Hello Brian, Brian Long wrote:
this server has the settings "1 15 100" there, it is running kernel 2.4.21-20.ELsmp and has uptime 183 days. I am sure that the kernel is exactly the one which showed that bad behaviour I described and caused many outages to our service. I am not sure about the settings in /proc/sys/vm/pagecache, but I think that they were not changed from their default. One correction to my original message: this server has 4 GB RAM, not 2 GB RAM. Right now I cannot experiment with this server, because it runs fine and I couldn't justify any outages for the very important services running there. If we would do anything there, we would install RHEL 4 on another server and switch our services there. I am sorry, but this is a 24x7 production environment and we have no room for experiments...Why would you have a critical machine in place and not be able toreproduce the error on a development or test server?
I never wrote that. We have test servers.
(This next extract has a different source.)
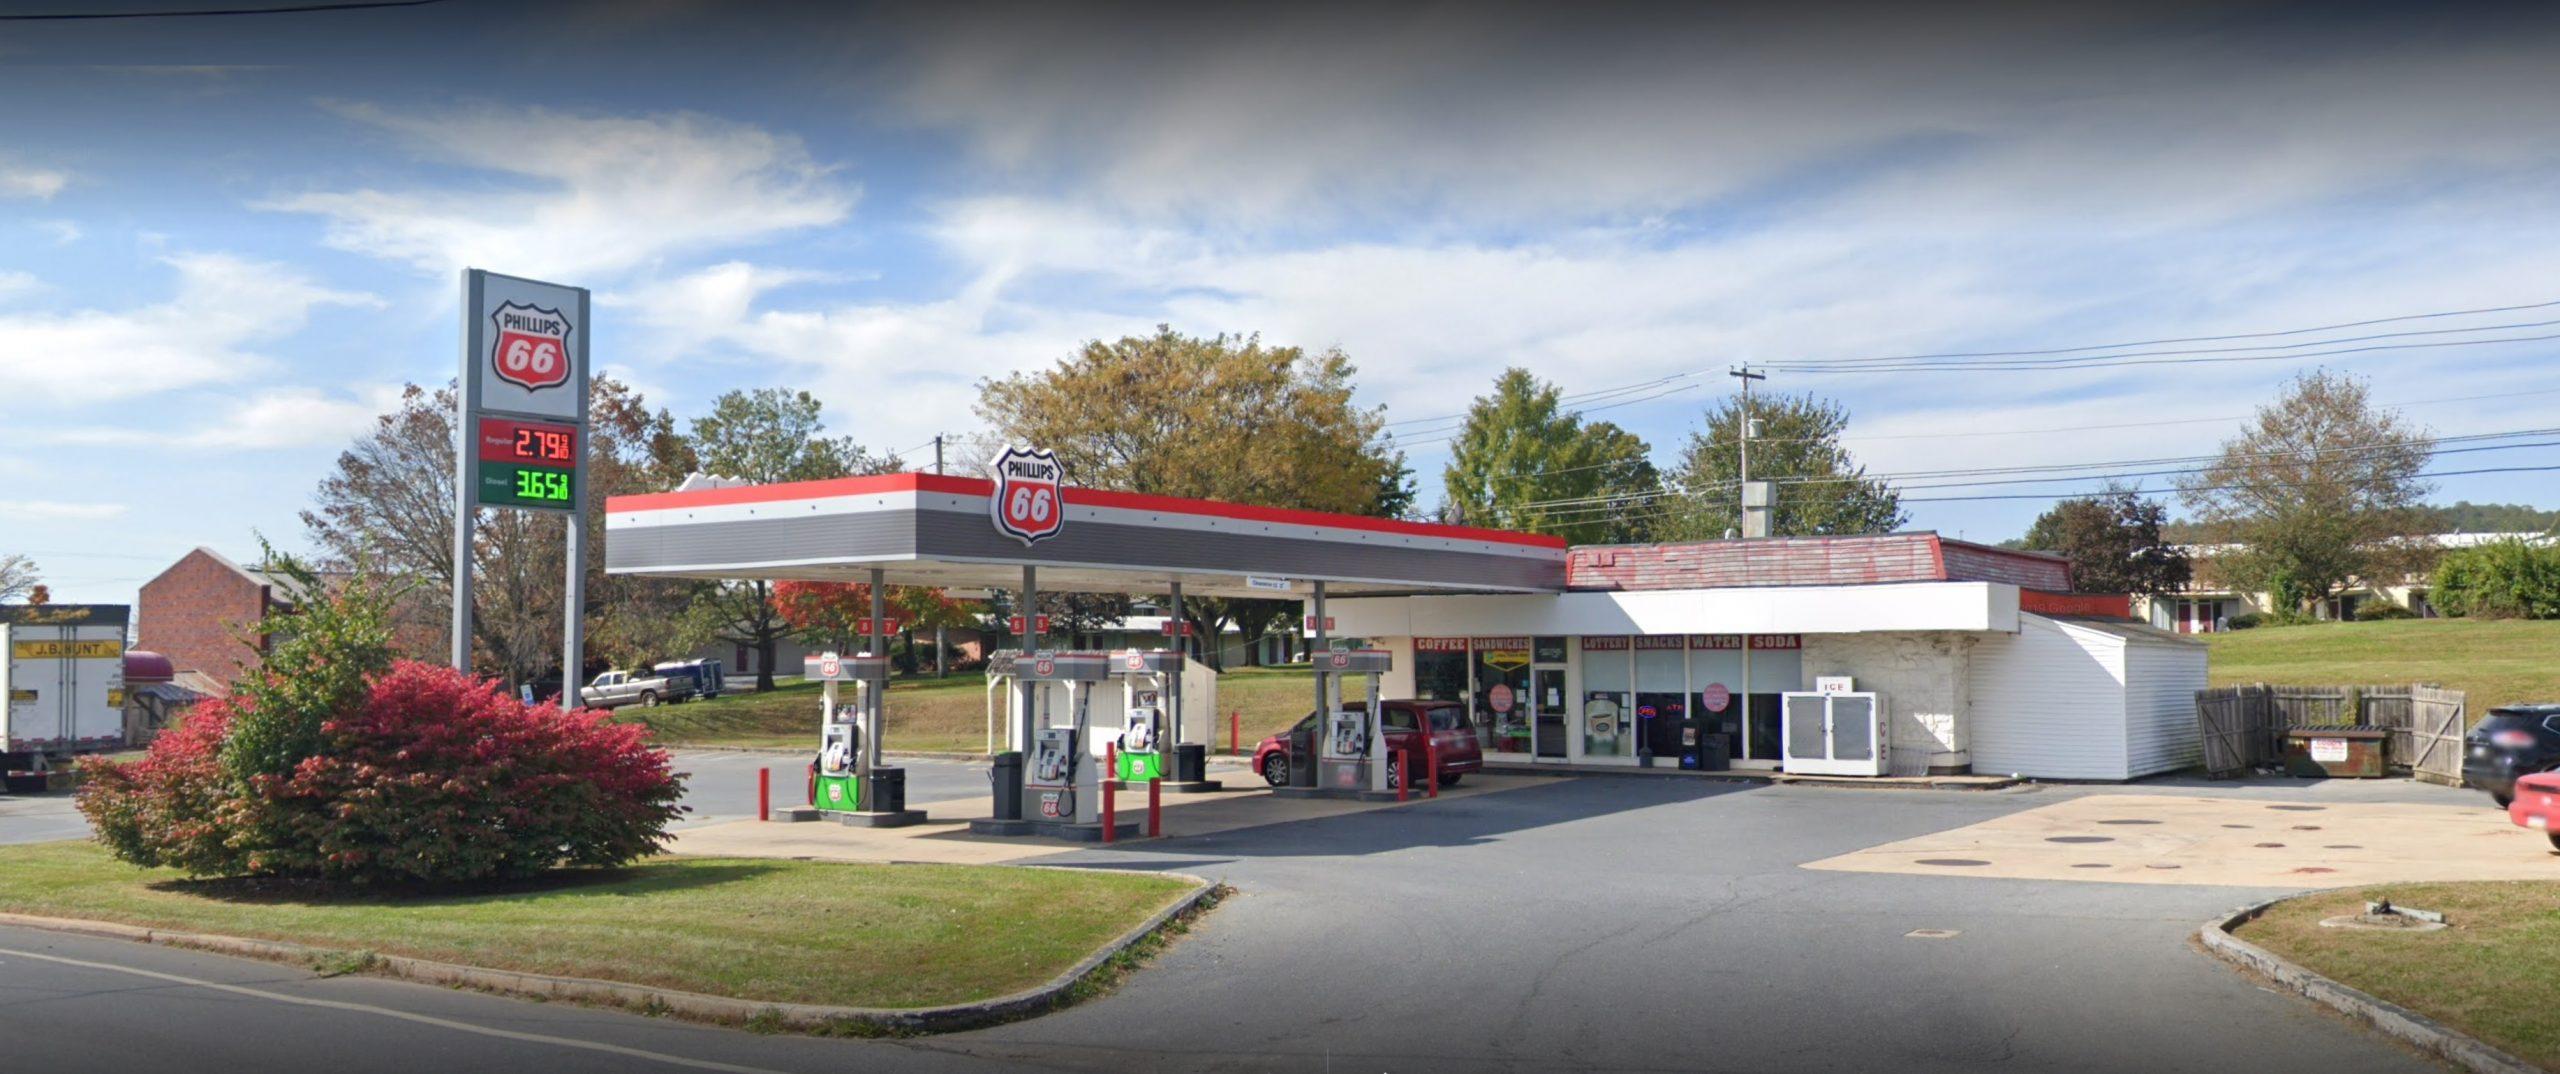 Bitcoin ATM Denver PA 2194 North Reading Road Denver Hippo Kiosks atm

However, considering that we have a perffectly working solution (RHEL 3 AS with swapping disabled), I don't know how could I justify spending resources (mostly people's time) on changing it. Additionally, every change means increasing possibility of breaking stuff, you know...
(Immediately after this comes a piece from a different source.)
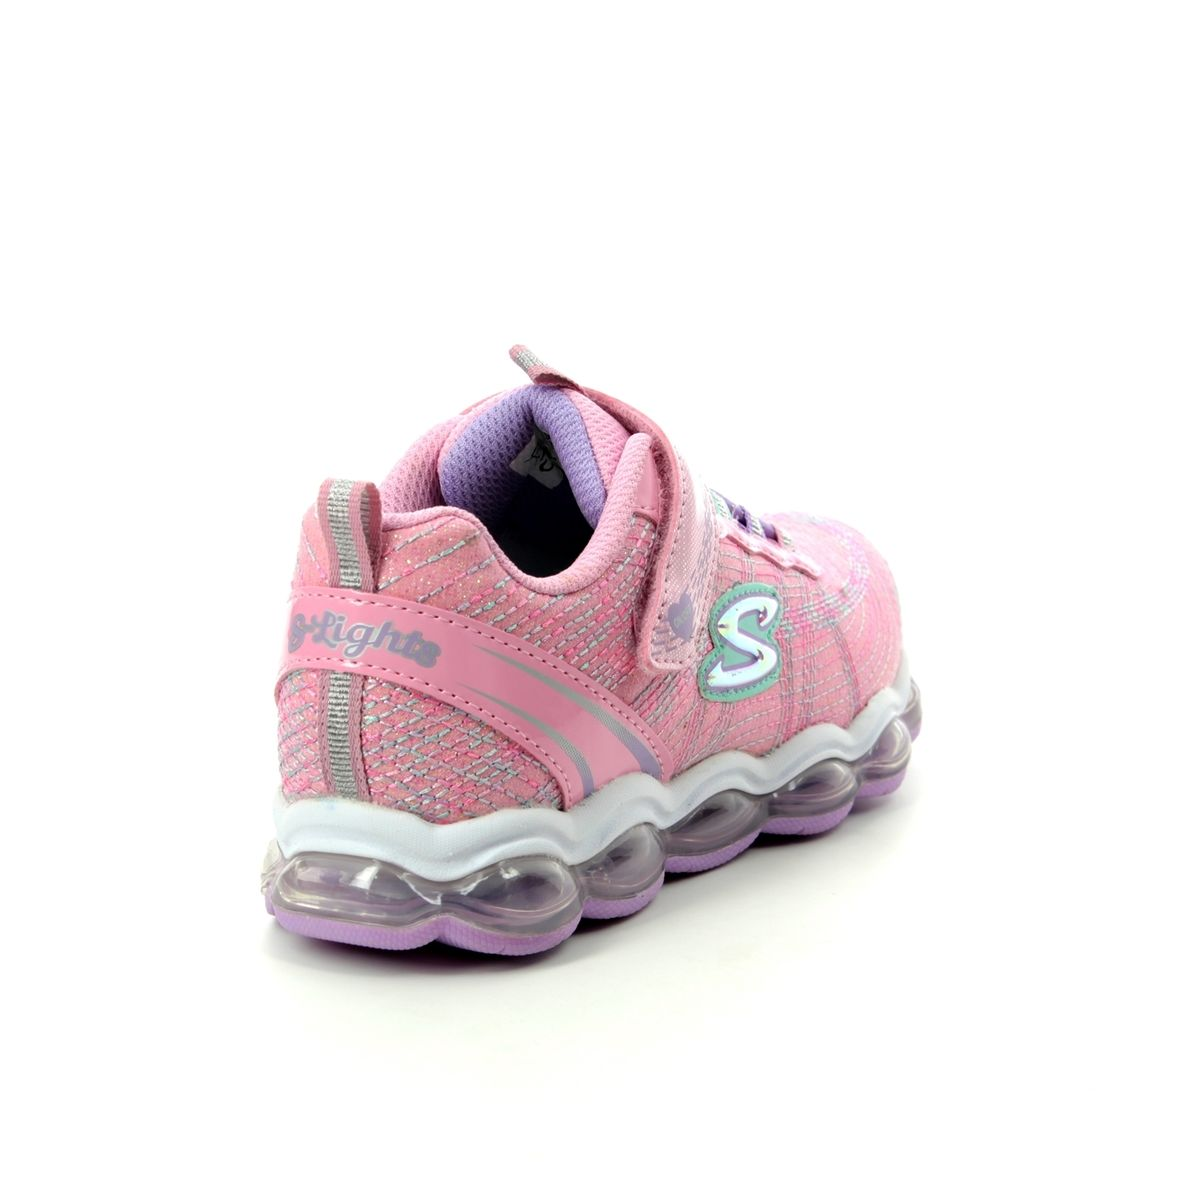 8afcda2951e Skechers Glimmer Lights 10833 LPMT Light pink trainers

I'm used to a different model. Everything is developed in dev, tested in stage and then put into production. Yes, it means 3 servers for each production service, but it's worth it.
Sure, we went through a very similar proces, and we ended up with a fully working scenario in production. What's wrong with that?
FYI, I was wrong about pagecache. The old values were 1 15 100 and the new values are 1 15 30. This means pagecache will only occupy 30% of your total RAM.
Thanks for this hint. However, I still think that if we would need to change our setup, I think that we would simply go away from RHEL 3 - either to RHEL 4, or to even newer RHEL, or a different OS (maybe not even Linux - all we need is a working JVM).
Leos